In the innovation system, knowledge development and learning are the main activities lying at the core of the innovation system concept (e.g. Hekkert et al. 2007; Lundvall 1992). Herstad et al. (2011) classify the knowledge development and learning activities crossing the corporate boundaries along four dimensions: labor market interactions, sourcing, collaboration, and inspiration through search. These are particularly important for the overall performance of the innovation system, its capability to support corporate innovation success as they strongly determine the innovation performance of firms (e.g. Laursen and Salter 2006; Ebersberger et al. 2012; Ebersberger and Herstad 2012). In addition, universities play a crucial role in each one of these dimensions.
First, labor market transactions lead to an inflow of workers from other firms or of newly graduates and extend the firms’ stock of specialized knowledge and expertise with complementary competences (Boschma et al. 2009; Maliranta et al. 2009; Mason et al. 2004). This inflow also extends the firms’ access to networks (Agrawal et al. 2006).

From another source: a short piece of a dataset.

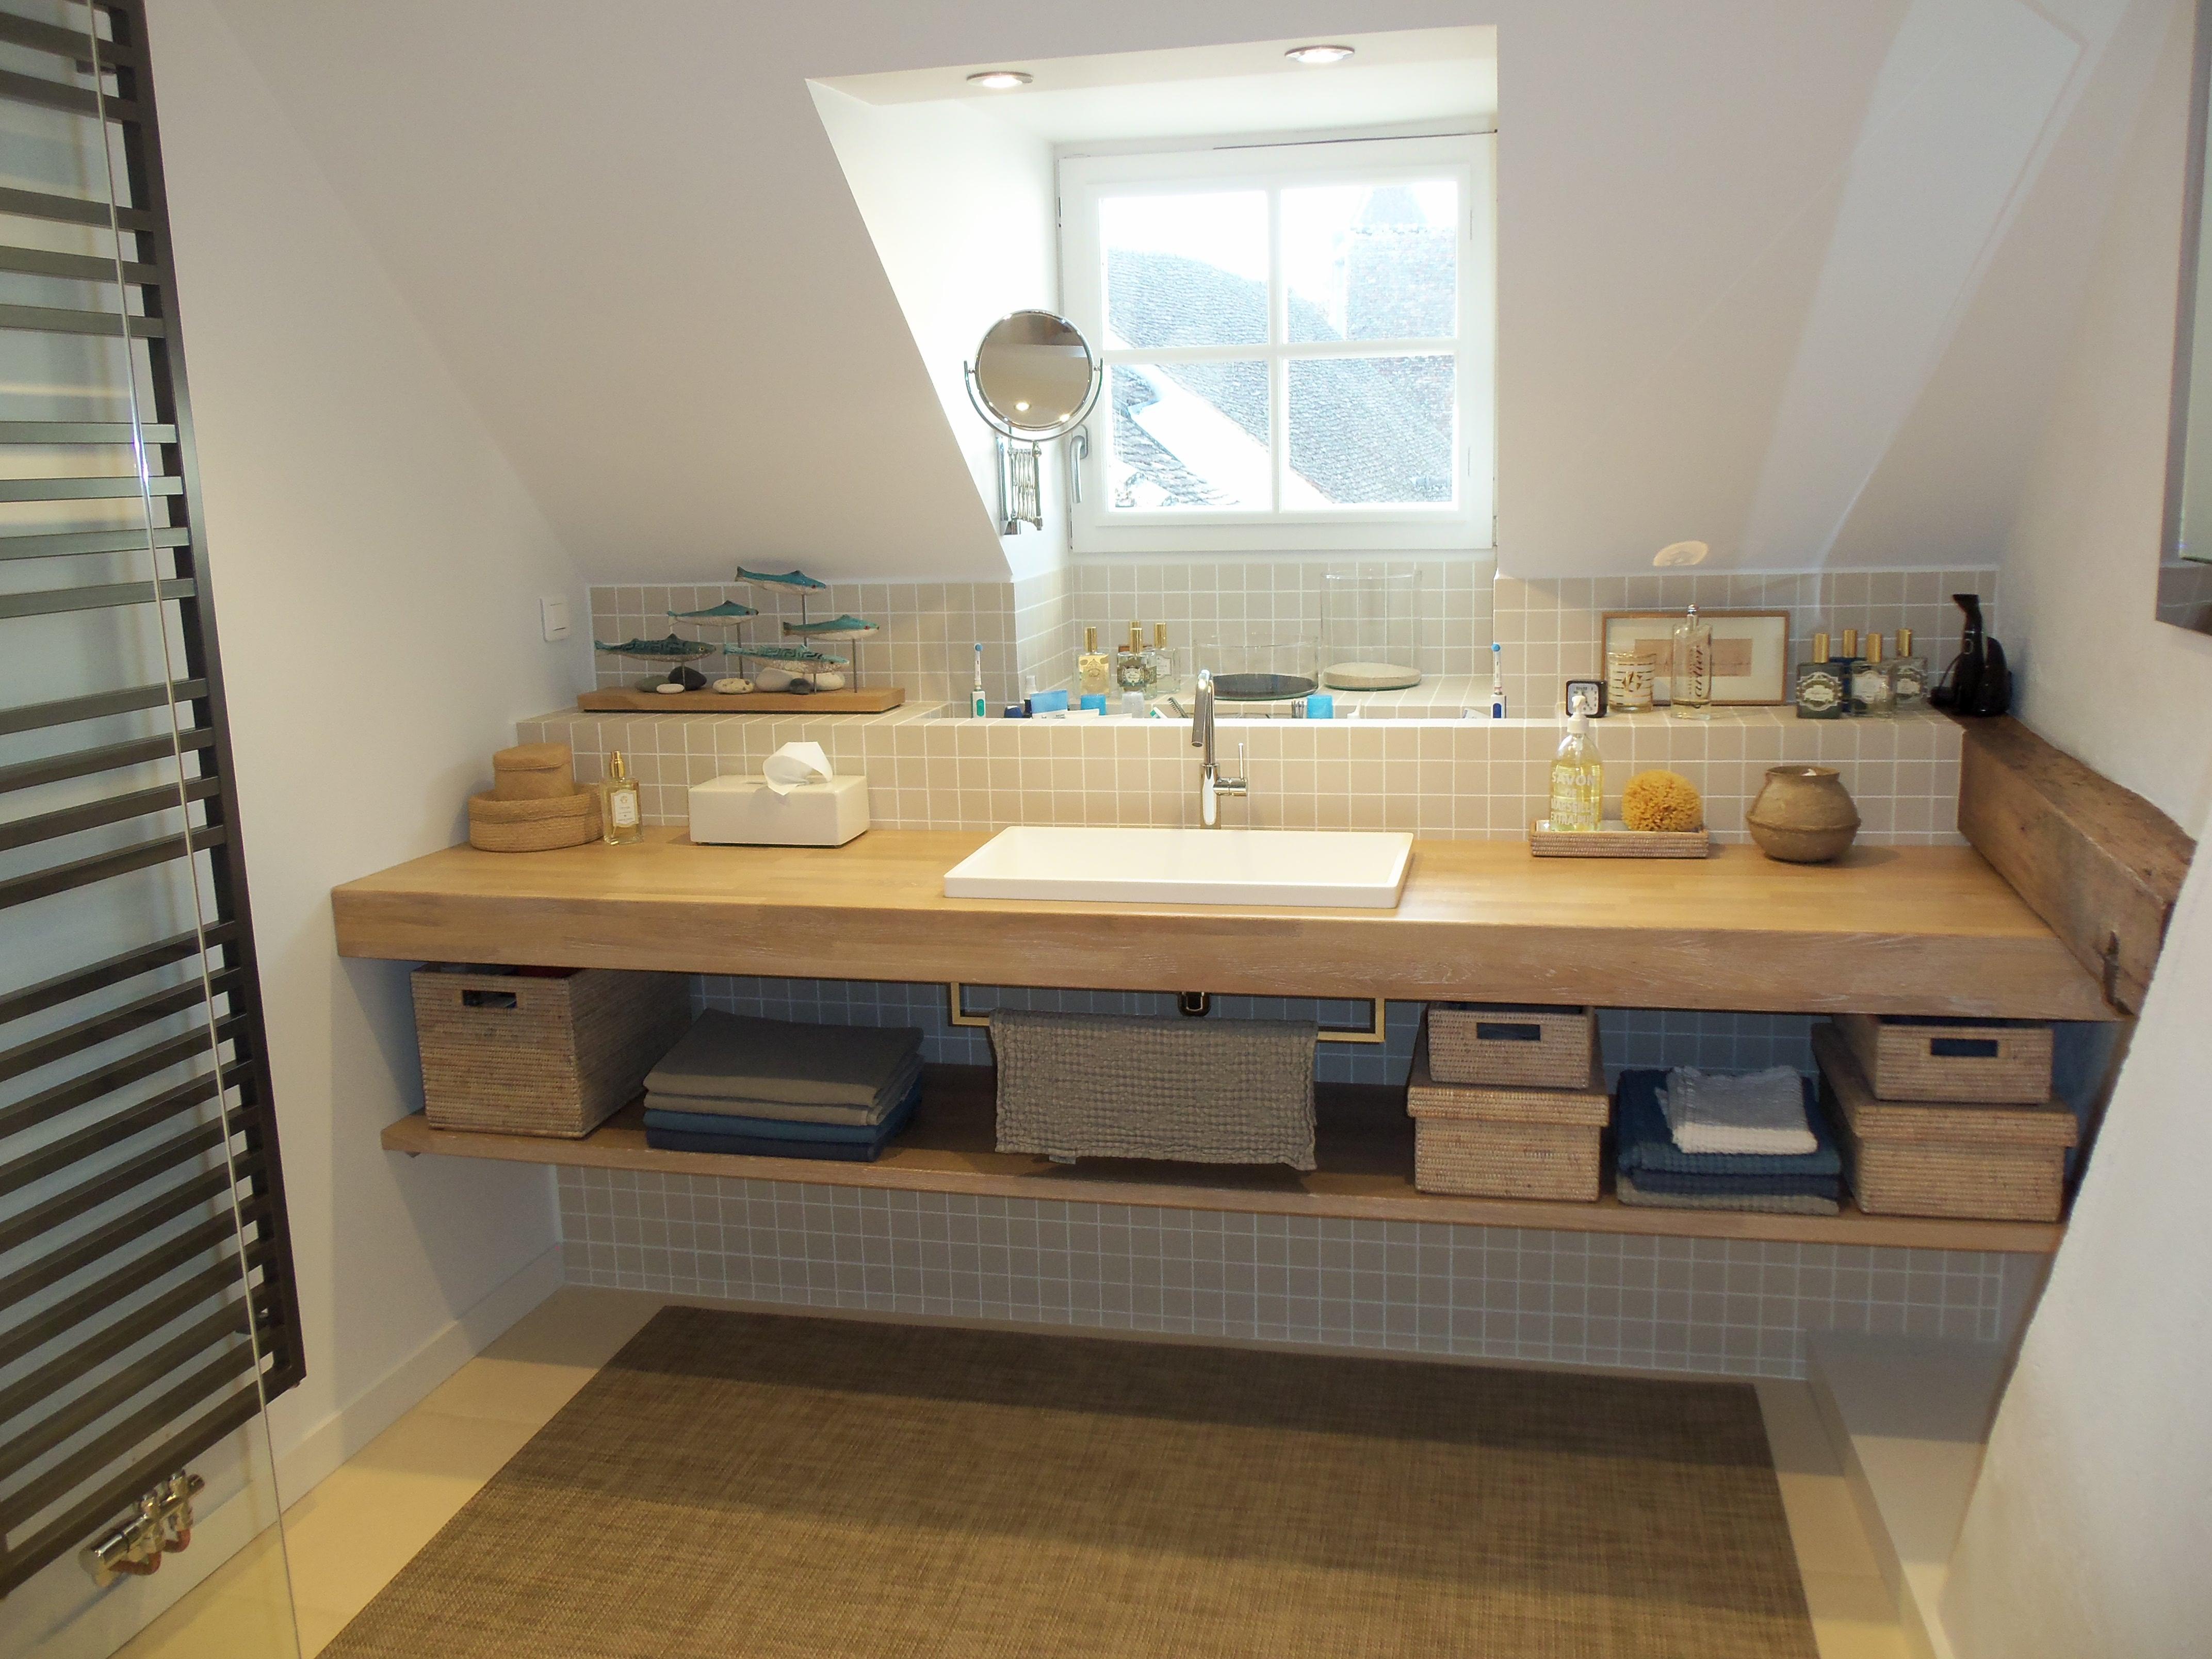 plan travail bois salle de bain flip design boisflip design bois. Black Bedroom Furniture Sets. Home Design Ideas

Second, firms may source component knowledge or technologies or fully fledged solutions from other corporate actors in the system (van de Vrande et al. 2006). Knowledge may also be sourced as embodied in various forms of software and hardware (Hauknes and Knell 2009) or as contract R&D services (Fey and Birkinshaw 2005; Grimpe and Kaiser 2010; Schmiedeberg 2008) from universities or higher education organizations (Perkmann and Walsh 2008).
Third, due to knowledge being tacit and sticky and due to the complexity and the uncertainty of the innovation process, firms often cannot access knowledge resources of universities by means of the two above-mentioned mechanisms (Hoopes and Postrel 1999). Collaboration for innovation or alliances with scientific partners may be an option in this case. However, this involves specific organizational requirements and challenges. In order to make sure the knowledge is comprehended, assimilated and integrated, firms require internal competences that are complementary to those of the scientific collaboration partners (Nooteboom et al. 2007). For beneficial knowledge exchange with science partners, firms have to allocate sufficient resources (Lam 2000) and management attention (Ocasio 1997) to the effort. Consequently, collaborative linkages are selective and dependent on firm level and context conditions such as the firms’ corporate innovation strategy (e.g. Dachs et al. 2008), the firms’ structure of the network of affiliates and ownership (e.g. Asheim et al. 2011), and the firms’ location and access to labor market flows (e.g. Herstad et al. 2011).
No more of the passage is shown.